Concept: Elaboration Phase
This is the second of four phases in the project lifecycle, when architecturally significant risks are addressed.
Main Description

The purpose of this phase is to establish the baseline of the architecture of the system and provide a stable basis for the bulk of the development effort in the next phase.

There are objectives for the Elaboration phase that help you address risks associated with requirements, architecture, costs, and schedule [KRO03]:

  • Get a more detailed understanding of the requirements. Having a good understanding of the majority of requirements enables you to create a more detailed plan and to get buy-in from stakeholders. Be sure to gain an in-depth understanding of the most critical requirements to be validated by the architecture.

  • Design, implement, validate, and establish the baseline for the architecture. Design, implement, and test a skeleton structure of the system. Although the functionality is not complete yet, most of the interfaces between the building blocks are implemented and tested. This is referred to as an executable architecture.

  • Mitigate essential risks, and produce accurate schedule and cost estimates. Many technical risks are addressed as a result of detailing the requirements and of designing, implementing, and testing the architecture.
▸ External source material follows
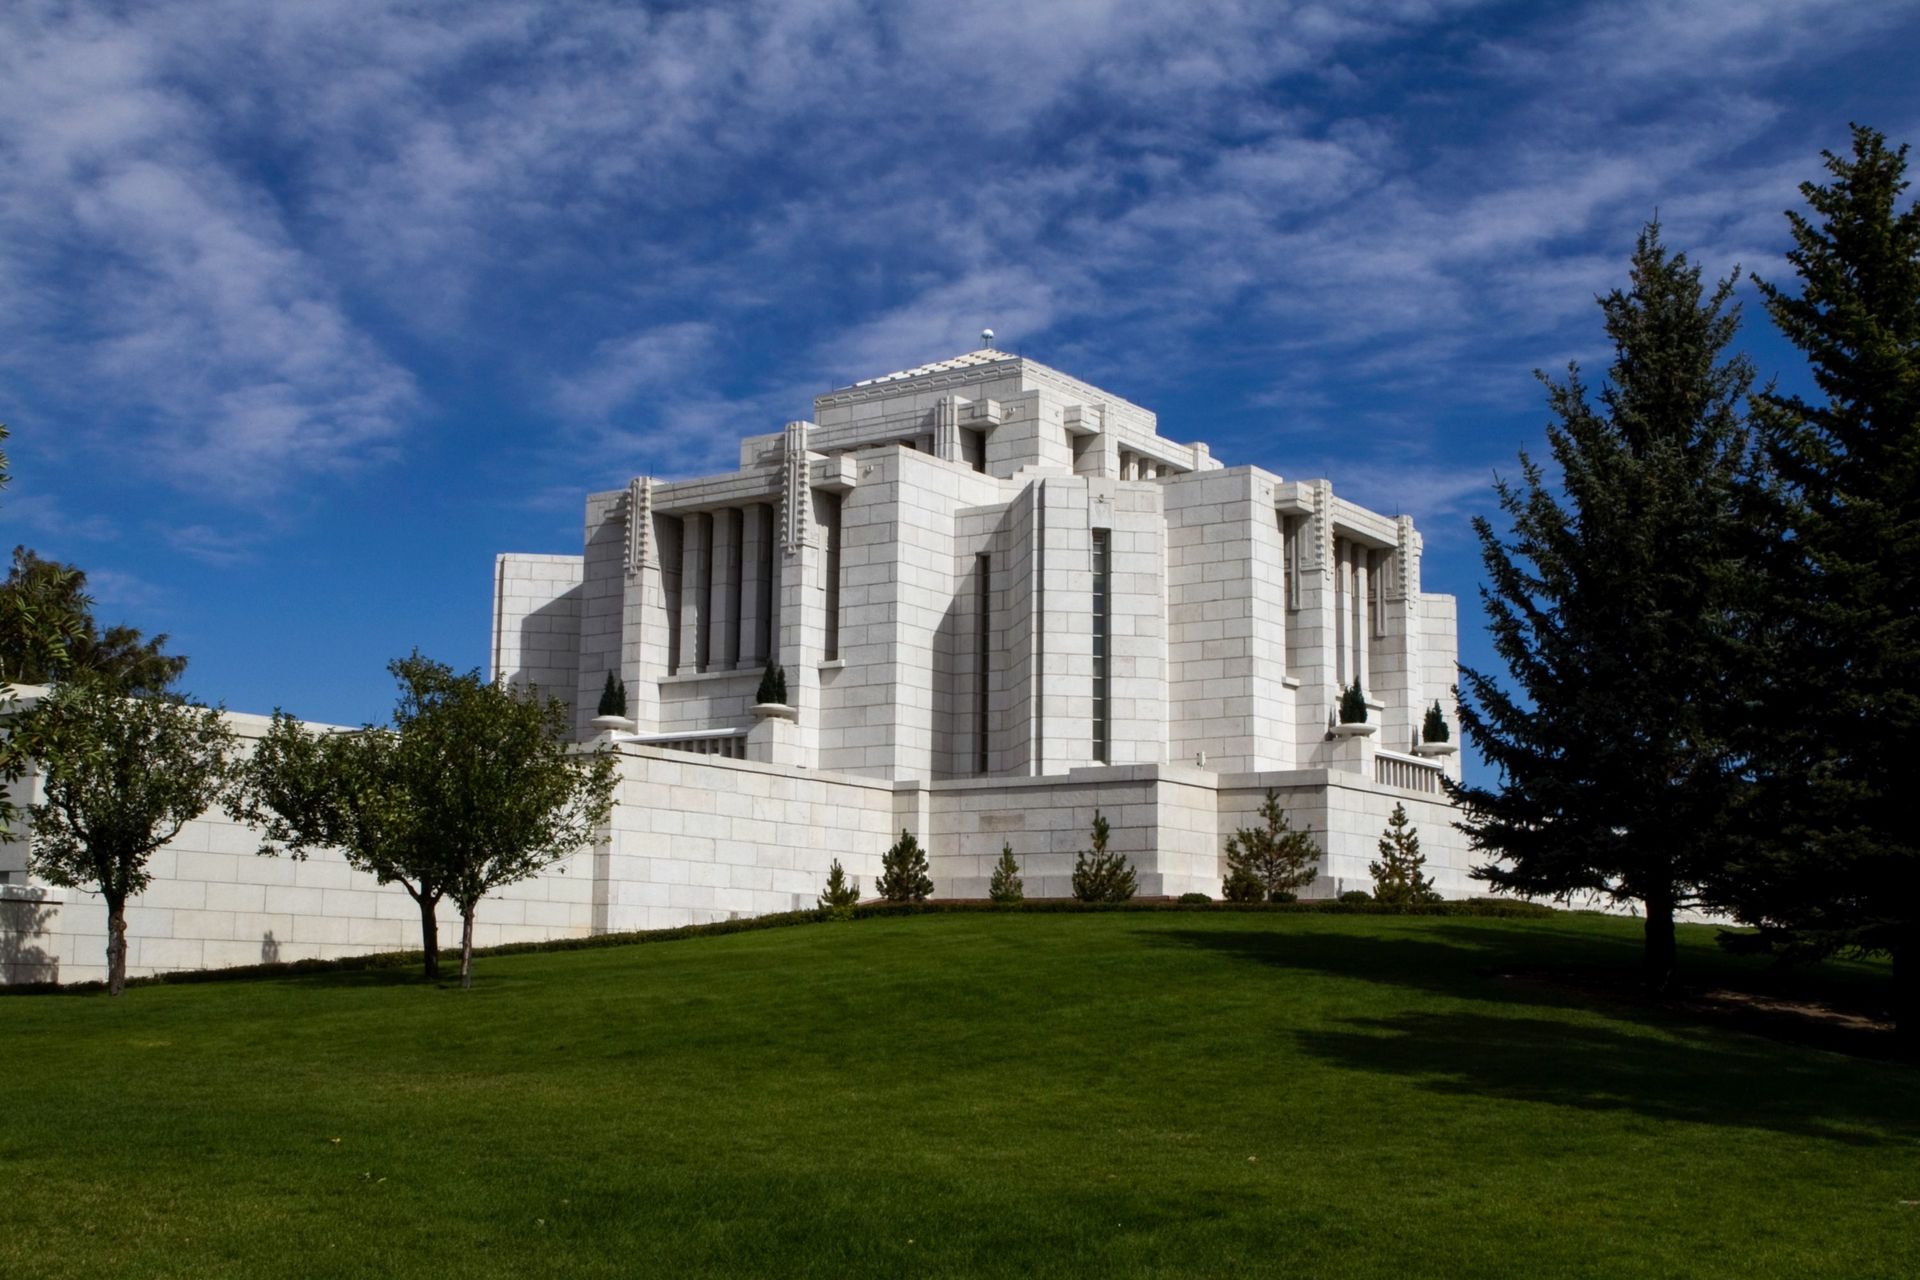 A side view of the Cardston Alberta Temple, including scenery.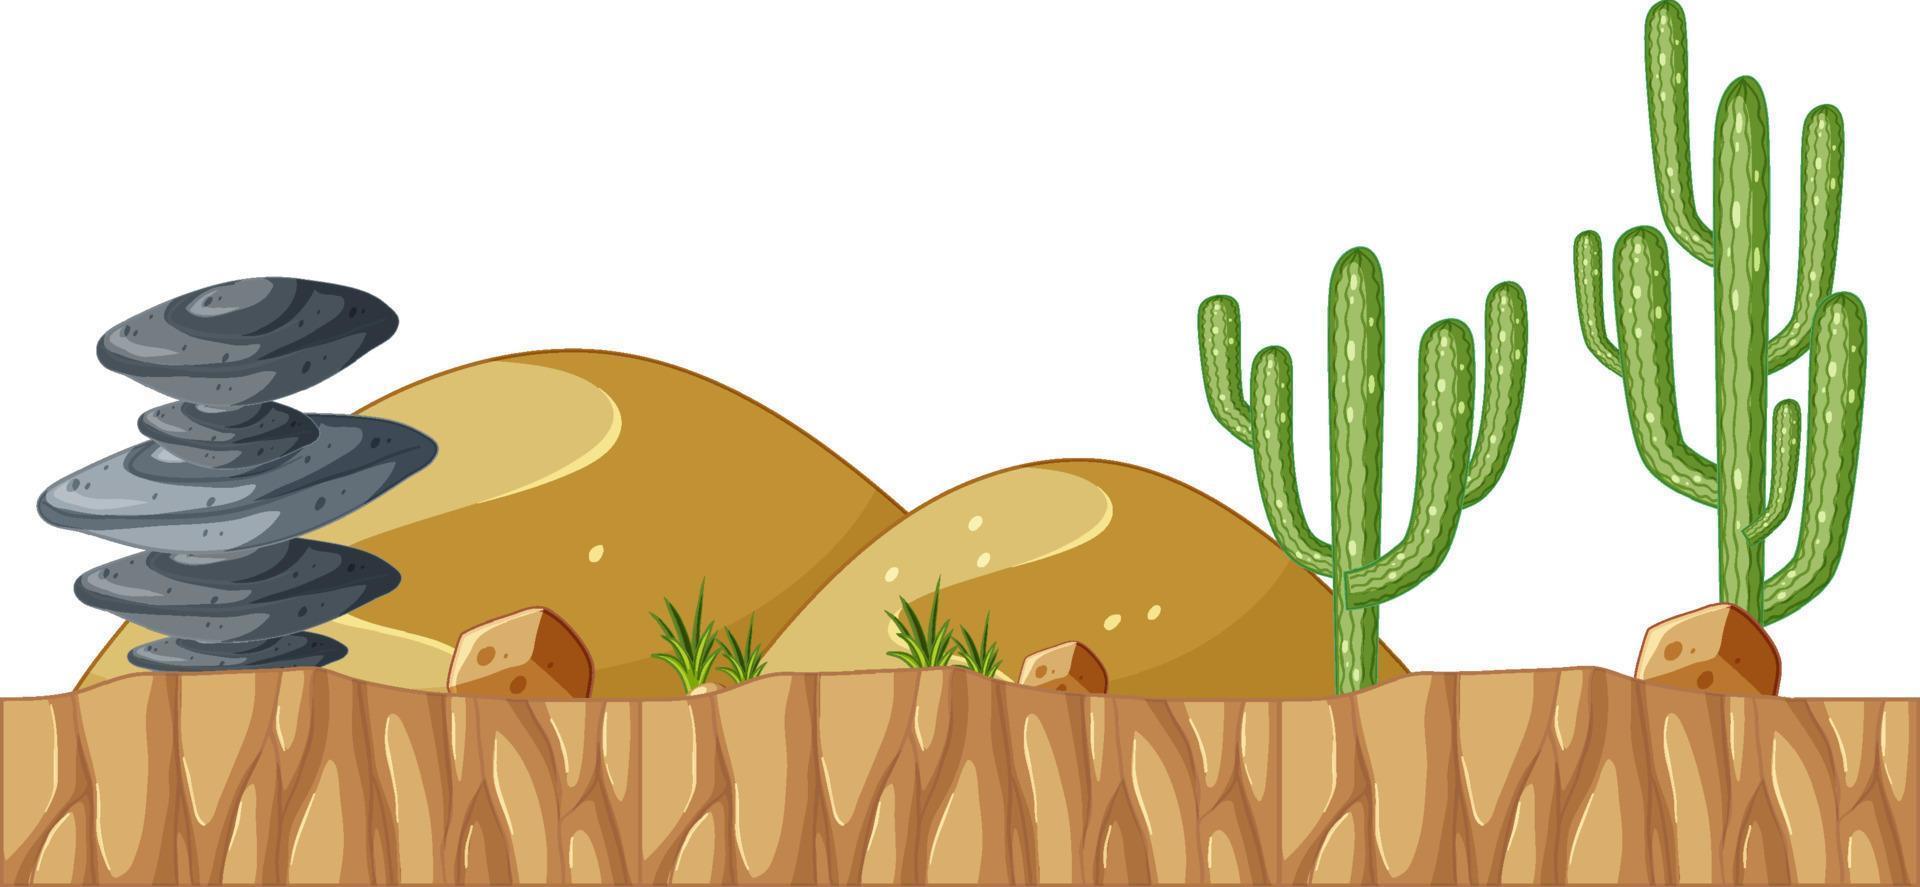 Saguaro cactus and stone on the ground vector

Refine and detail the high-level project plan.

Key considerations

The number of iterations in the Elaboration phase is dependent on, but not limited to, factors such as green-field development compared to maintenance cycle, unprecedented system compared to well-known technology and architecture, and so on.

Typically, on the first iteration, it is better to design, implement, and test a small number of critical scenarios to identify what type of architecture and architectural mechanisms you need, so you can mitigate the most crucial risks. You also detail high-risk requirements that have to be addressed early in the project. You test enough to validate that the architectural risks are mitigated.

During the subsequent iterations, you fix whatever was not right from the previous iteration. You design, implement, and test the remaining architecturally significant scenarios, ensuring that you check all major areas of the system (architectural coverage), so that potential risks are identified as early as possible. [KRO03]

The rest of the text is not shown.